EXTRACTED MATERIAL:
+===+

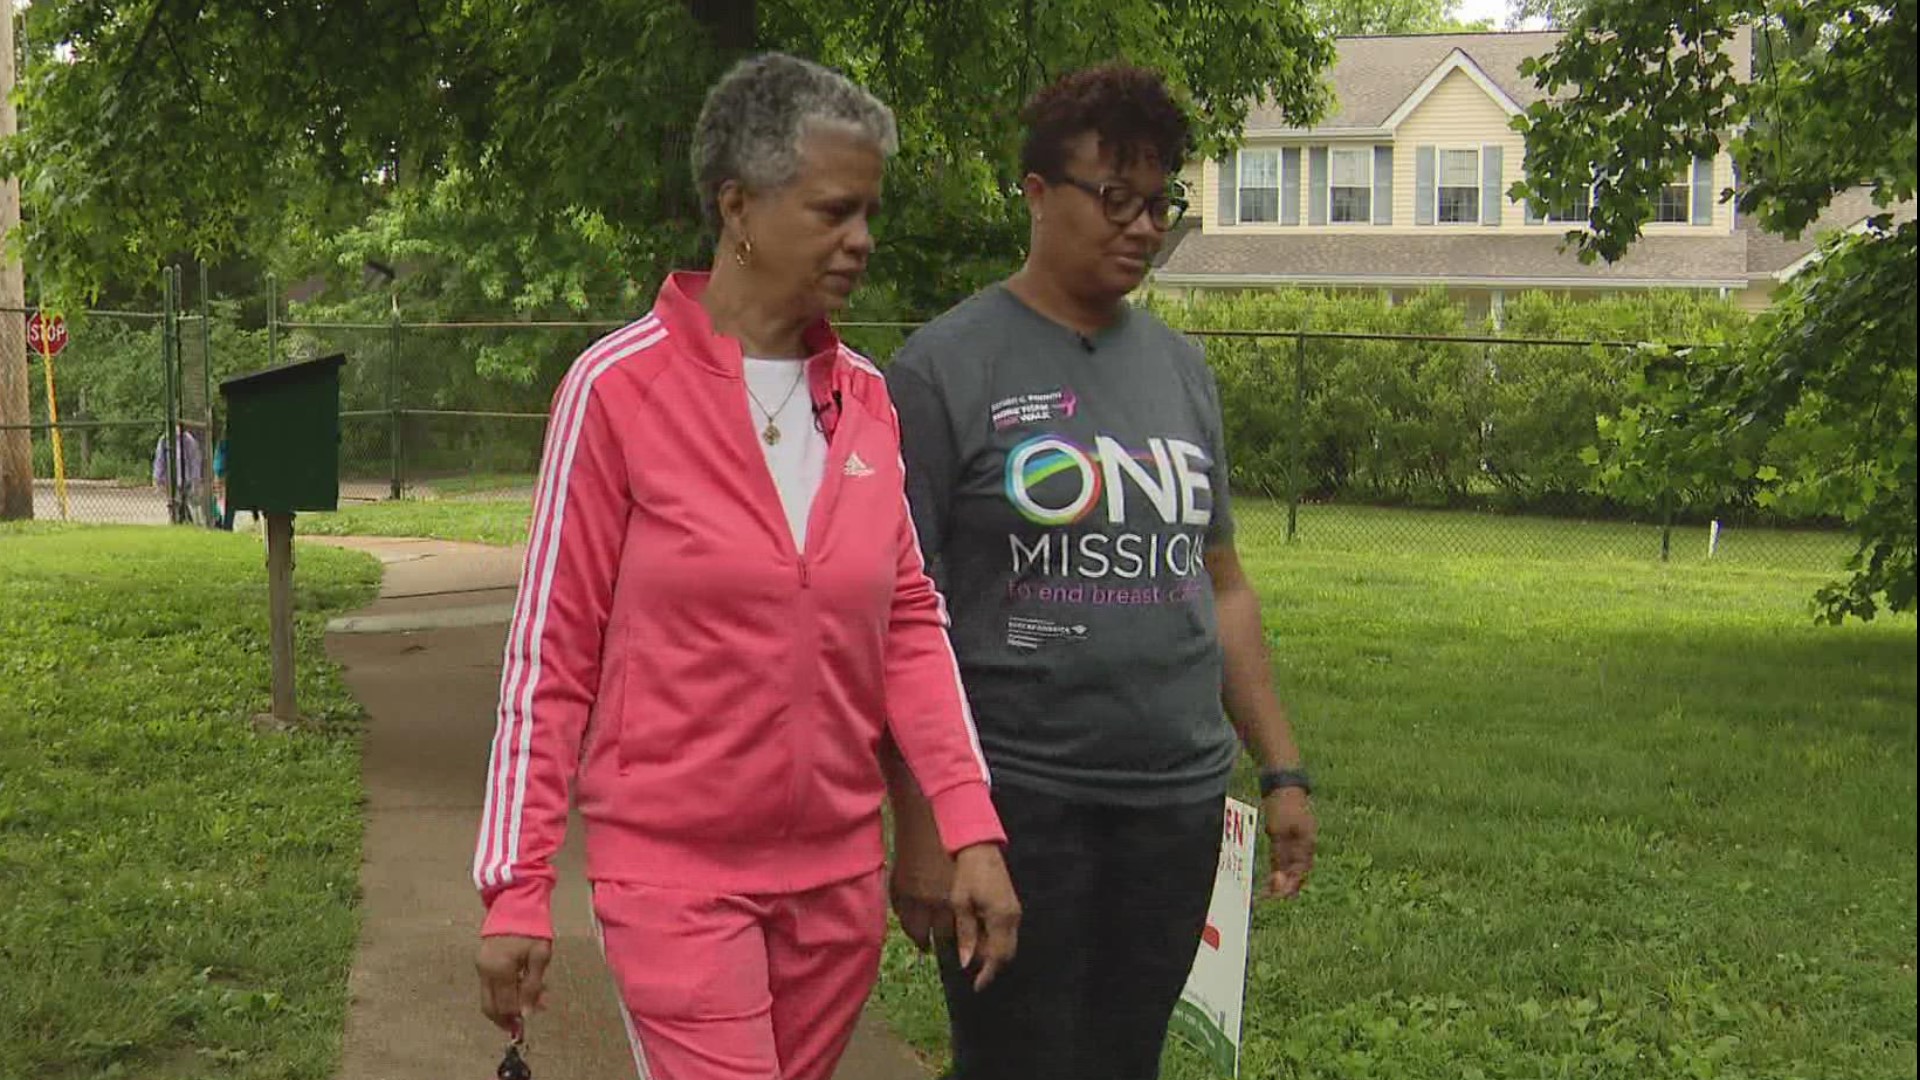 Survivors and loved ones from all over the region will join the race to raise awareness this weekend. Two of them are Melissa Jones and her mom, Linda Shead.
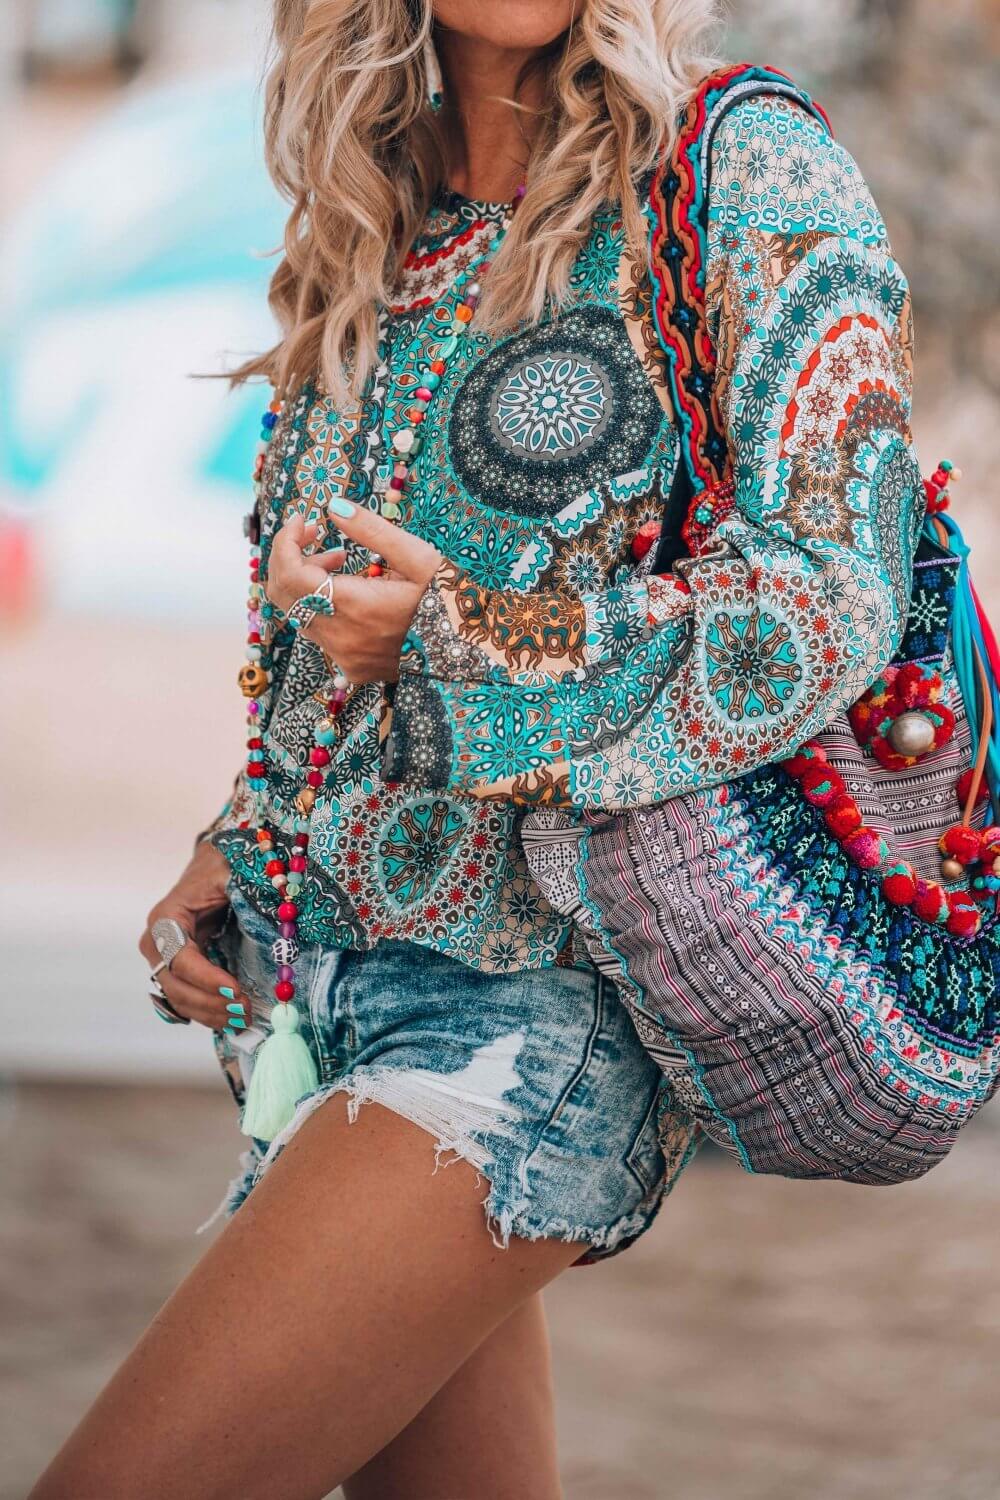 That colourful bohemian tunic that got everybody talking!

+===+

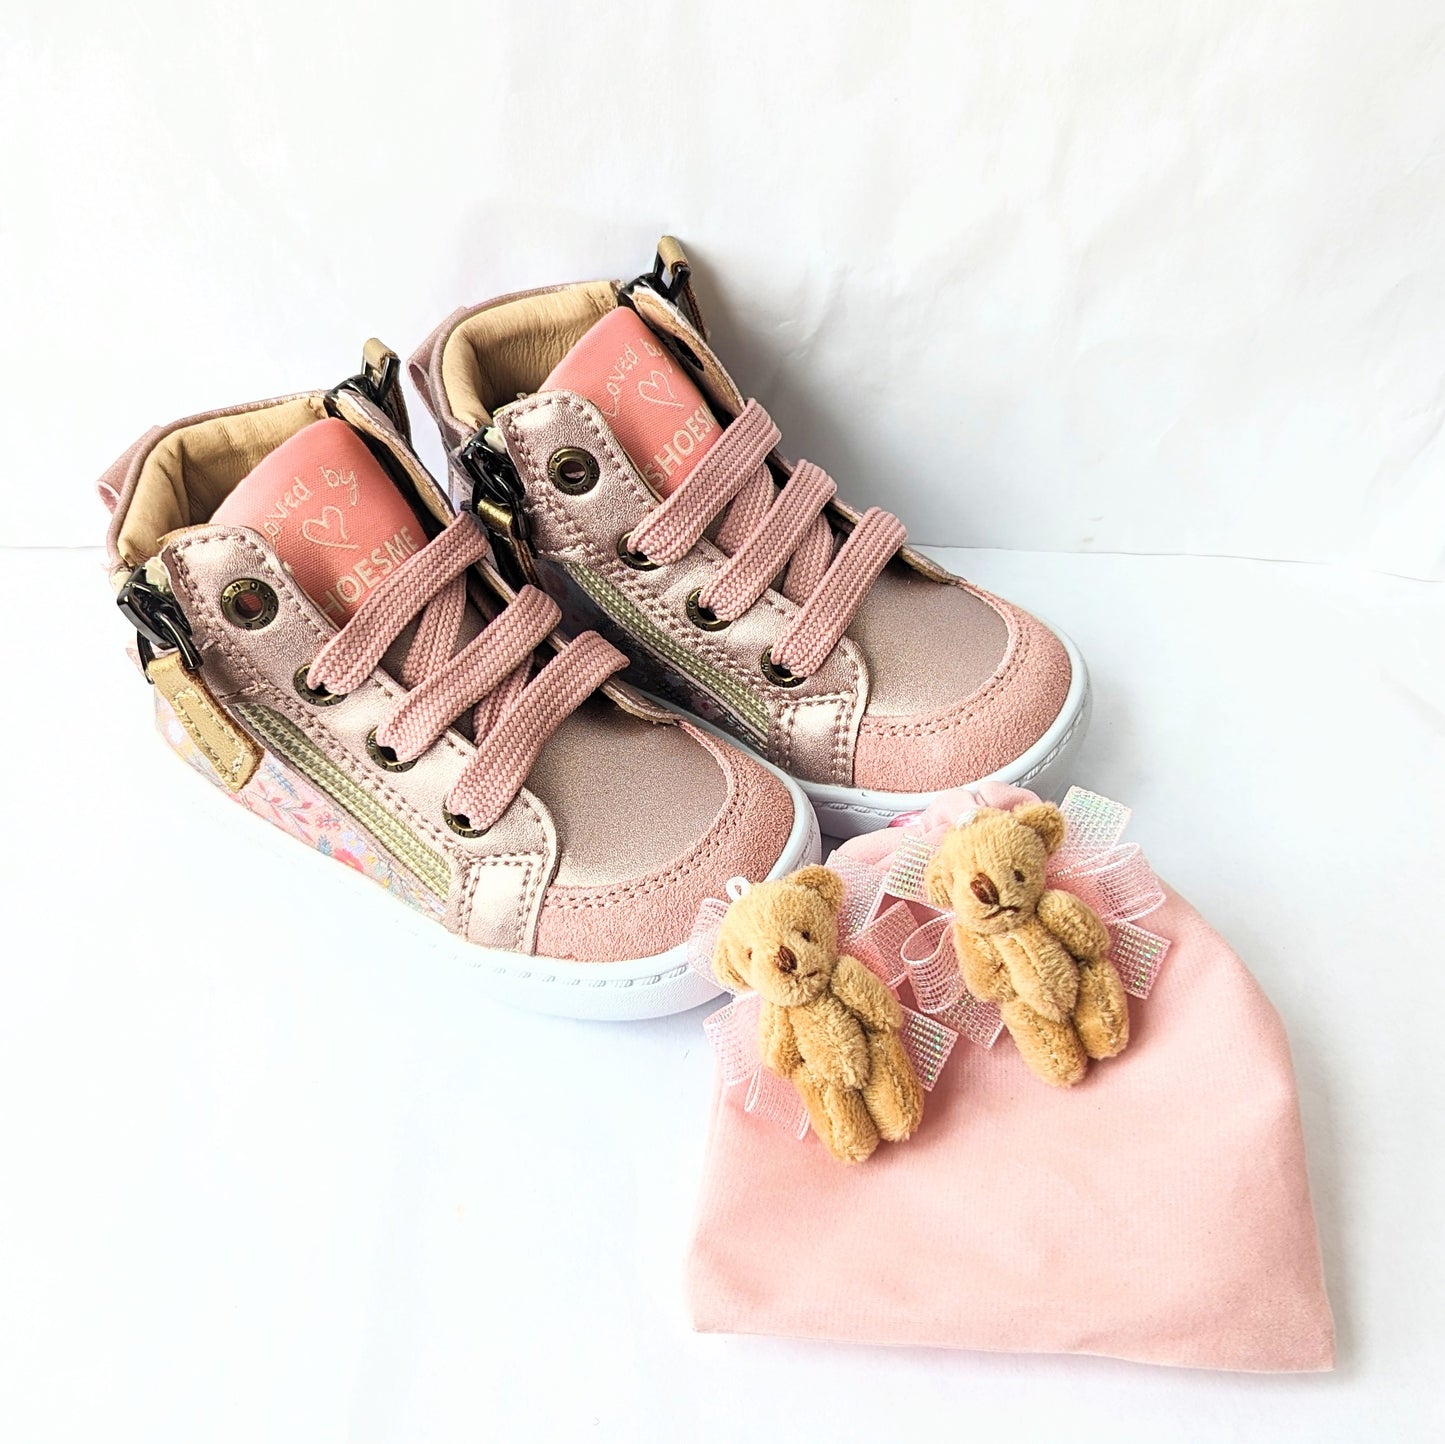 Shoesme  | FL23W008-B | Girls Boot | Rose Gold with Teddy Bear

+===+

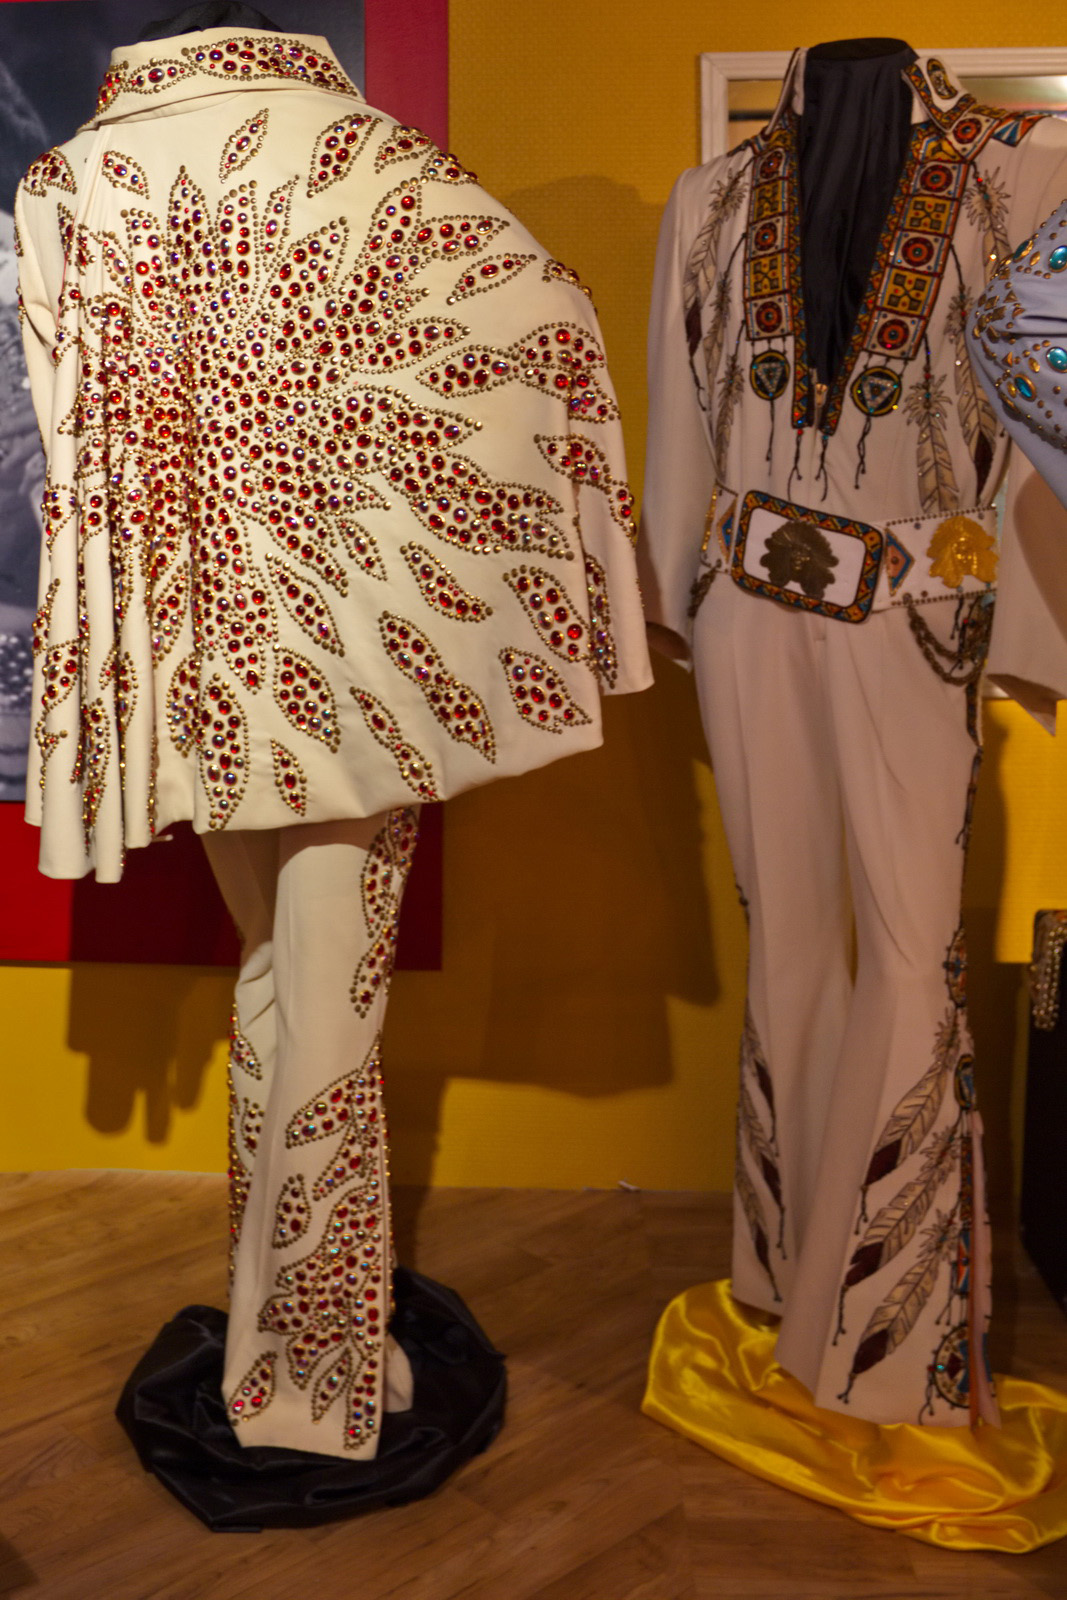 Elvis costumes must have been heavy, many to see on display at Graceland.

+===+

REQUIRED WORK: Pictures in the entries do not go into the copy. Print only the lines starting at the one containing "Survivors and loved" and ending at the one containing "That colourful bohemian", exactly as they appear.

ANSWER TO THE PROBLEM:
 Survivors and loved ones from all over the region will join the race to raise awareness this weekend. Two of them are Melissa Jones and her mom, Linda Shead.
 That colourful bohemian tunic that got everybody talking!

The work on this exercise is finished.